Sunday, November 23, 2008

This was probably inevitable, and a cry for help

There's good news and there's bad news in my opening repertoire.

The good news
Because I hated the queen's gambit declined (QGD), I tried an unsound gambit (a variation of the Englund) for a while. I really liked it, as it lead to kooky open games. But it also is a bit tense. Since I've been playing the Caro Kann as black against e4, I realized I might as well play the Slav as black against d4. They have similar pawn structures, both are quite solid (neither will ever be "broken" by white), and neither requires a ton of memorization (in particular I have found this true in the Slav, where playing natural moves leaves me with good games).

These similar pawn structures show me something about myself: I hate having the "problem" of where to develop my light-squared bishop. As in the French, so in the QGD, you typically lock in that poor guy early on and then fight to find a place for him. That turned me off to the damned French. The Caro is the solution to that problem. The same logic applies in the Slav as compared with the QGD.

The bad news
As white, I'm almost happy with my repertoire. I like the Smith-Morra (a lot) against the Sicilian. Against the French as white, I'm thinking of taking up the Tarrasch variation instead of the Alapin gambit. Again, trending toward more solid openings, with an emphasis on good pawn structure from the start.

My main remaining problem, then, is that my Danish gambit (1 e4 e5 2 d4!?) doesn't score all that well. On the positive side, the Danish is nice because it basically forces black to play my game, but I'm realizing that it weakens my pawn structure too much, leaving me in a scramble to find an attack before I reach a losing endgame.

The problem is, I hate all the damned variations that come with the standard white openings like the Ruy. I've considered the Scotch, but then I'd still have to deal with the Petroff, the Philidor, and that whole early deviation bullshit. Is there any escape?

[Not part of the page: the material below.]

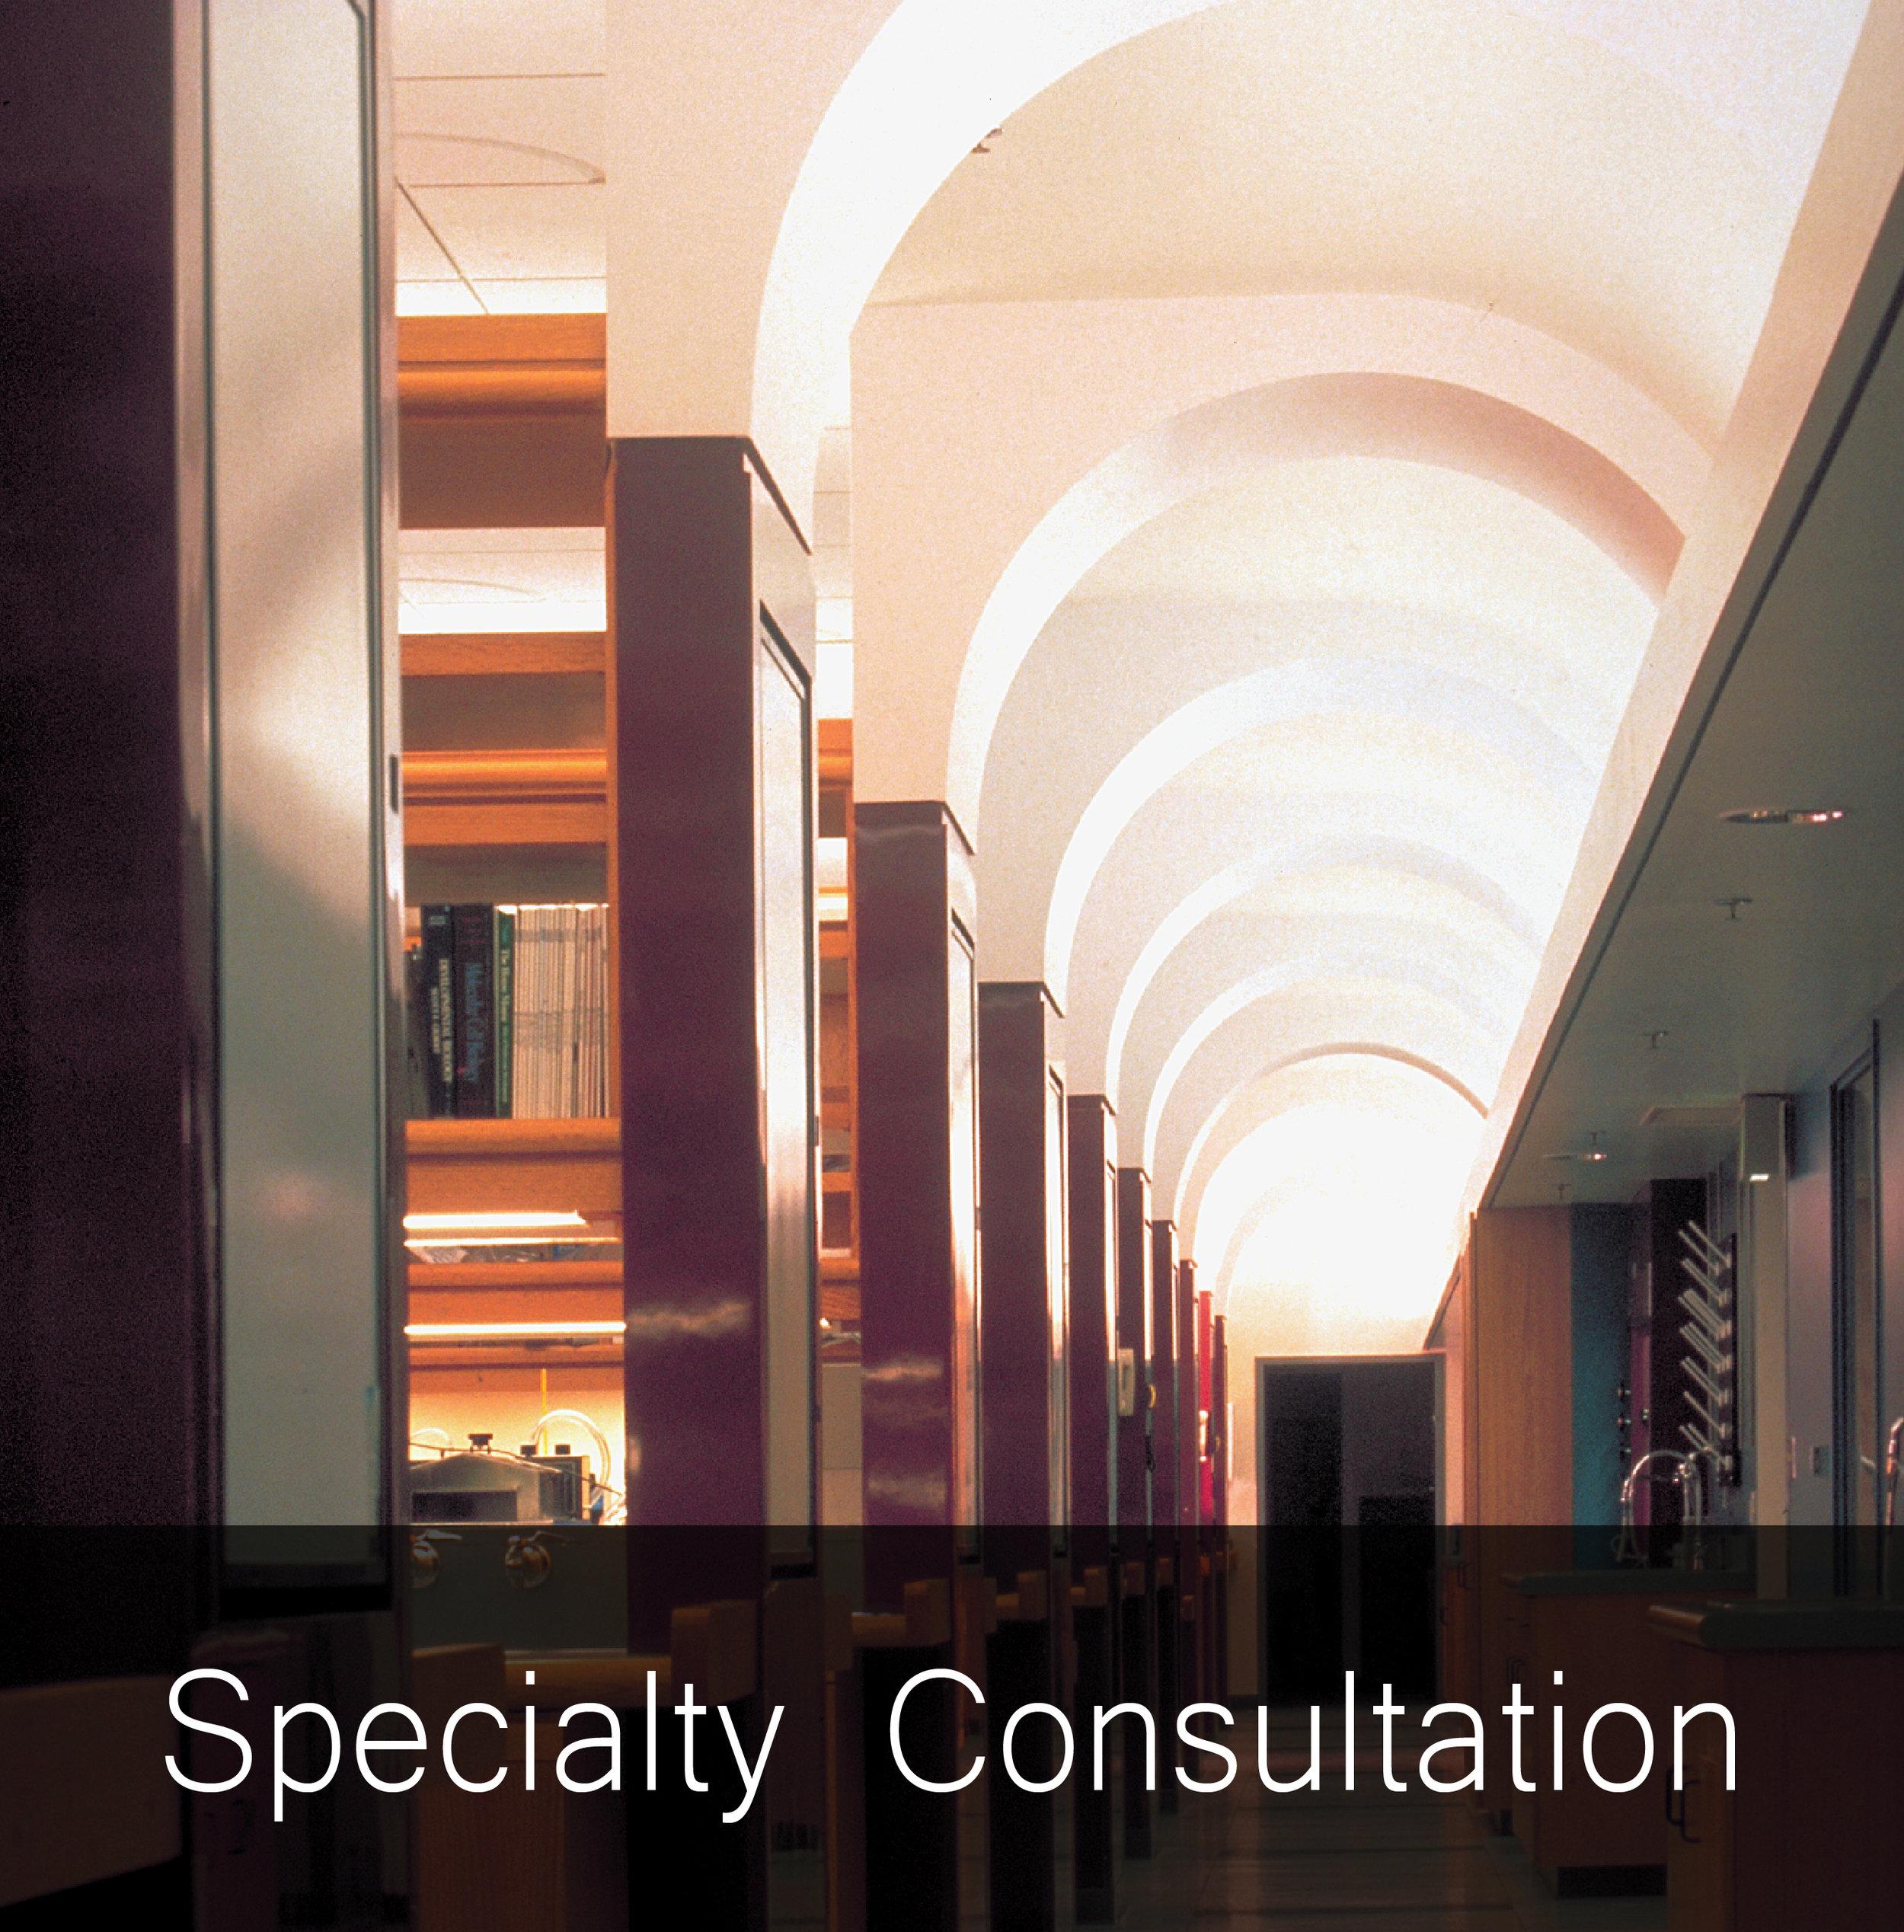 Specialty Consultation-05.jpg

I want something offbeat, but solid in response to e5. The less memorization required the better, i.e., I want to be able to play natural moves and end up in a decent position, and don't want to navigate a 20 ply tightrope on every variation just to get to += (that is, no King's Gambit). That's not to say I don't want a gambit: I am quite happy with the Smith-Morra. I just tend to like openings that are sort of "systems" where there is a general strategy you follow most games unless the opponent deviates in unusual lines.

I would really like something something for which there is a really good book out there, one that explains strategy from move one, and which covers the early deviations very thoroughly (so even if you have a book on the Open Variation of the Ruy from white's perspective that you really love, I don't want to hear about it).

What about the King's Indian Attack? Are there any good books on that which start 1 e4 e5? [Answer: no].

And yes, I know the openings don't really matter at my level, but this is fun!

Update: based on some comments from masterwannabe, I just had a look at my old Bishop's opening repertoire. It was actually quite strong, and is a fairly systemic opening (there is a set structure you aim for, only deviating when black acts strangely). Why did I stop playing it? I think I stopped playing it when I picked up the Smith-Morra gambit against the Sicilian, under the idea that I wanted similar pawn structures, began playing the Danish (which almost always transposes into the Goring Gambit in the version I played).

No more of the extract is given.